WORK TO BE COMPLETED => Copy exactly the line containing "Very high quality object." and each line after it to the end of the listing, and output nothing else.

INFORMATION SHOWN =>
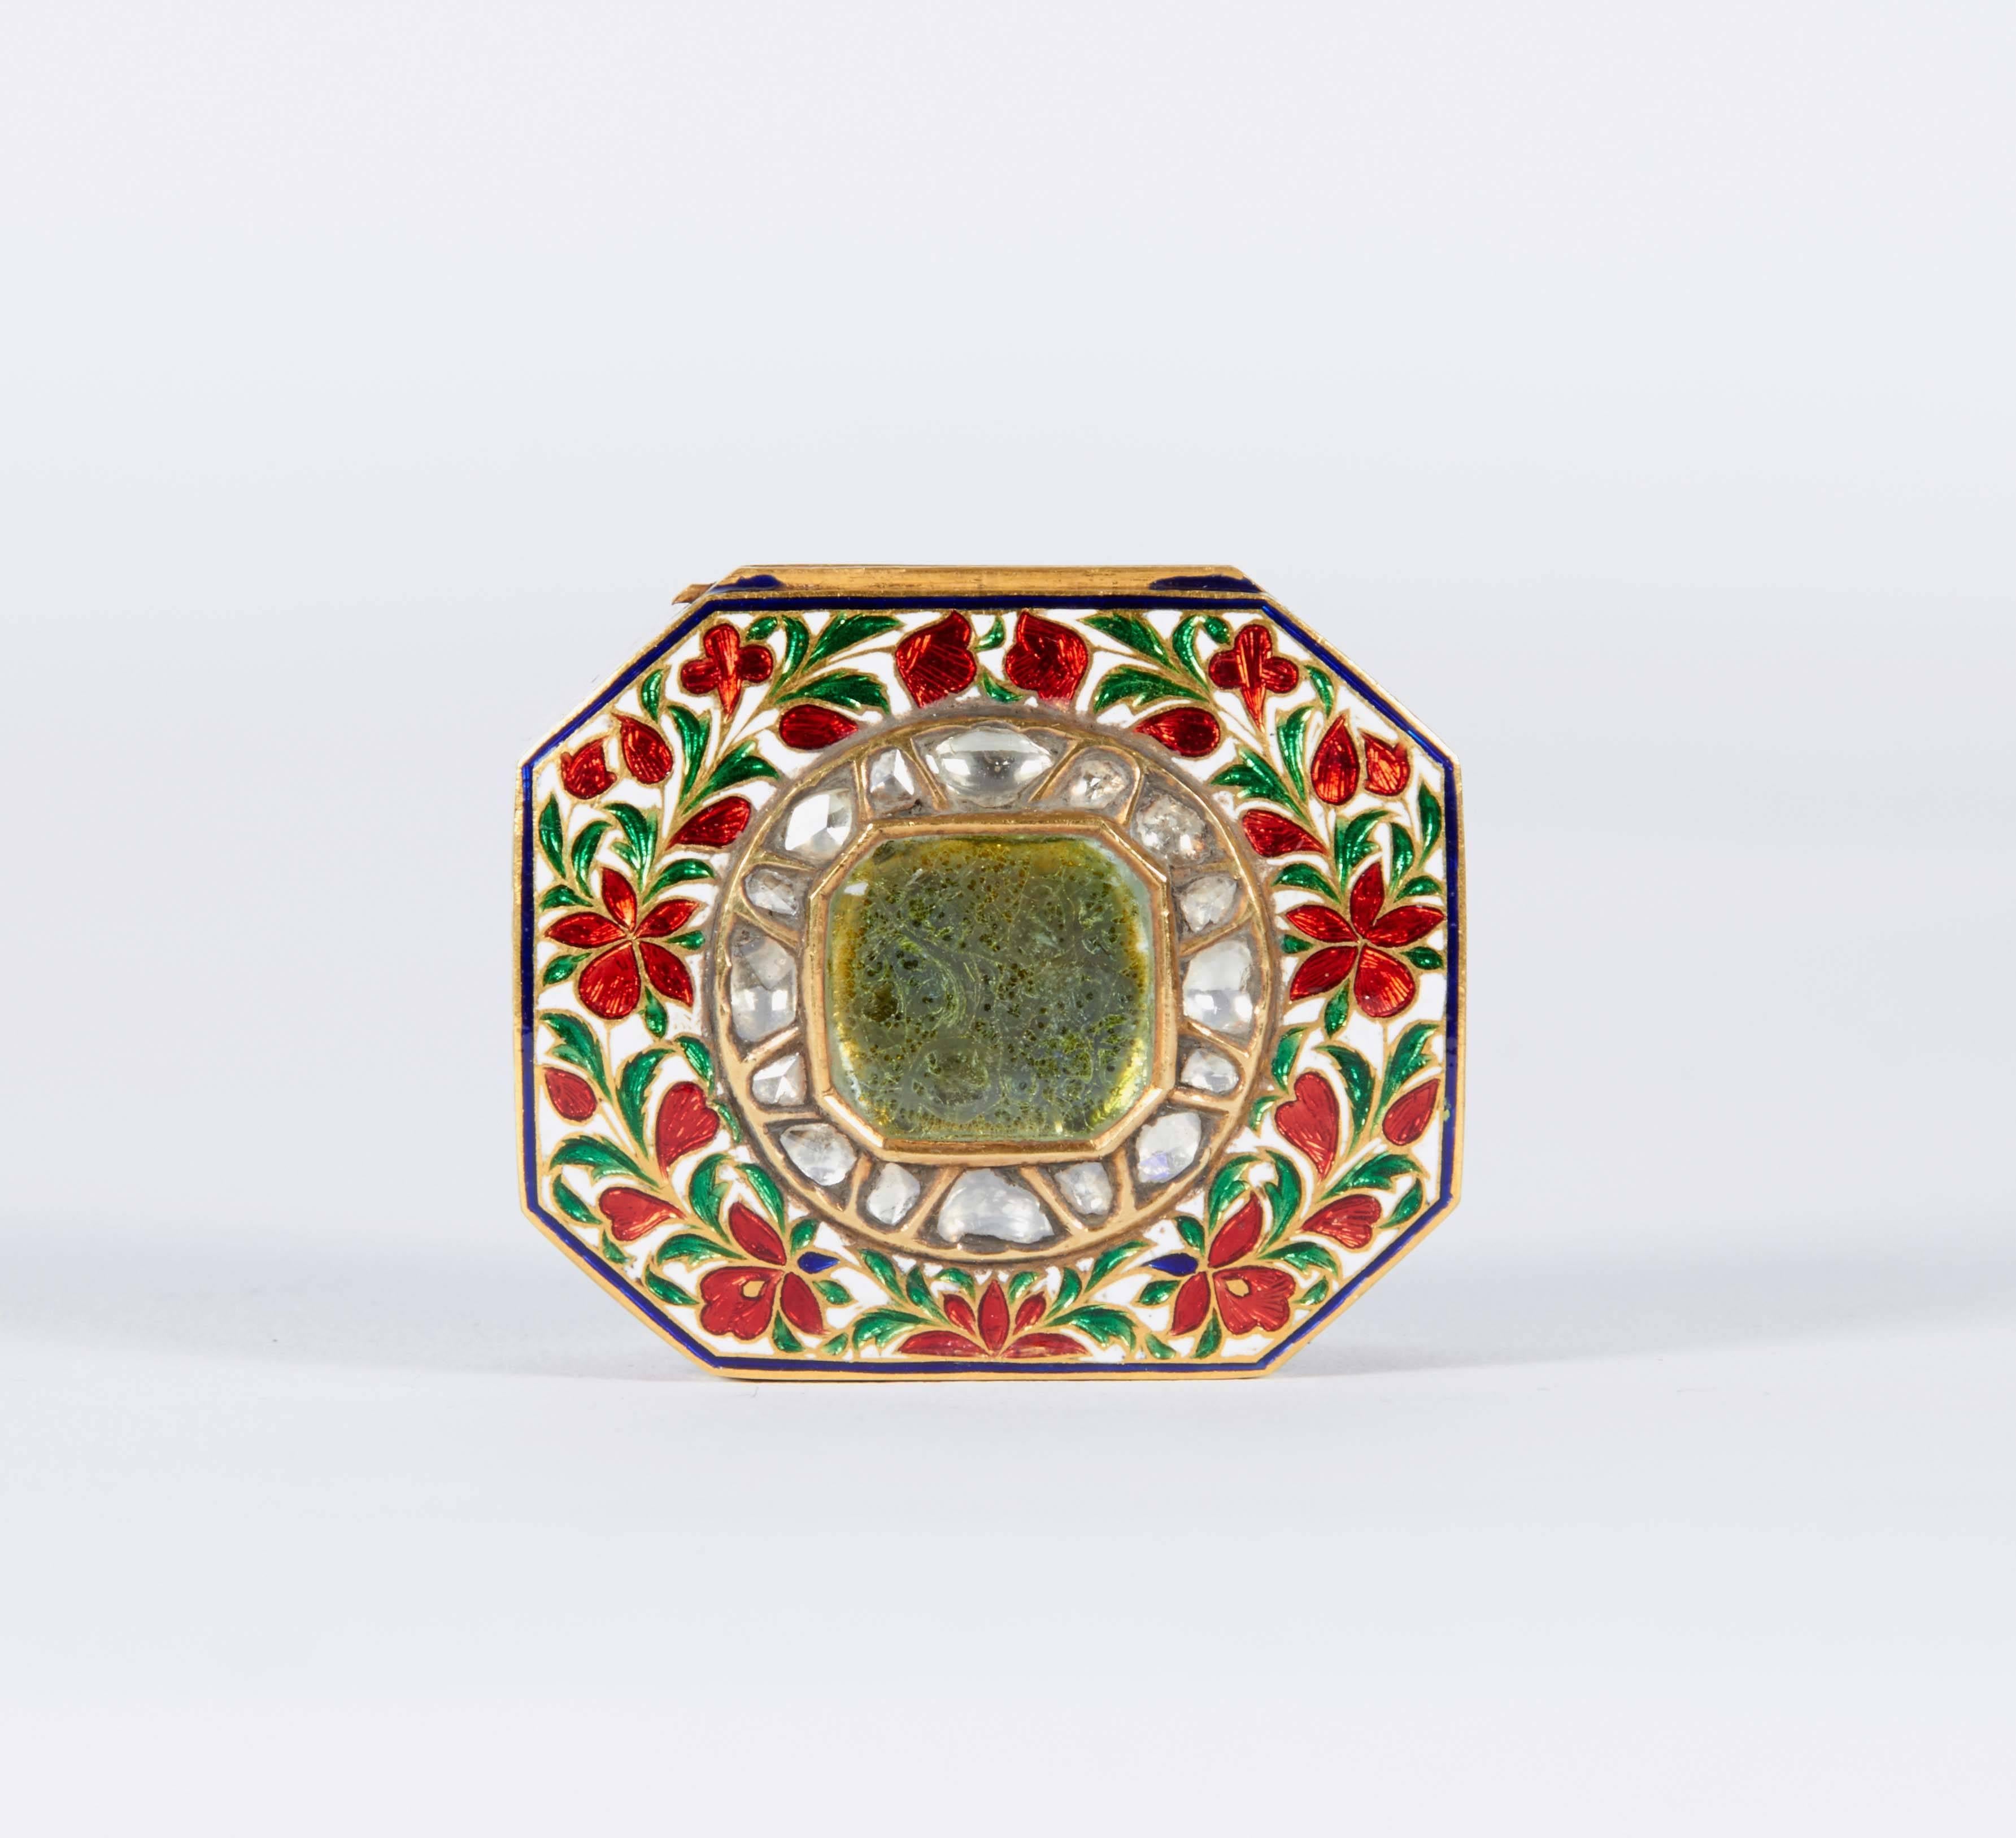 A very fine 22-karat gold, enamel and diamond snuff box in the Mughal style. 

Finely painted with birds and flowers and set with rose-cut diamonds. 

Very high quality object. 

Weighs 52.6 grams.


Depth *3.5 cm
Width *4.3 cm
Height *2.8 cm

EXERCISE SOLUTION =>
Very high quality object. 

Weighs 52.6 grams.


Depth *3.5 cm
Width *4.3 cm
Height *2.8 cm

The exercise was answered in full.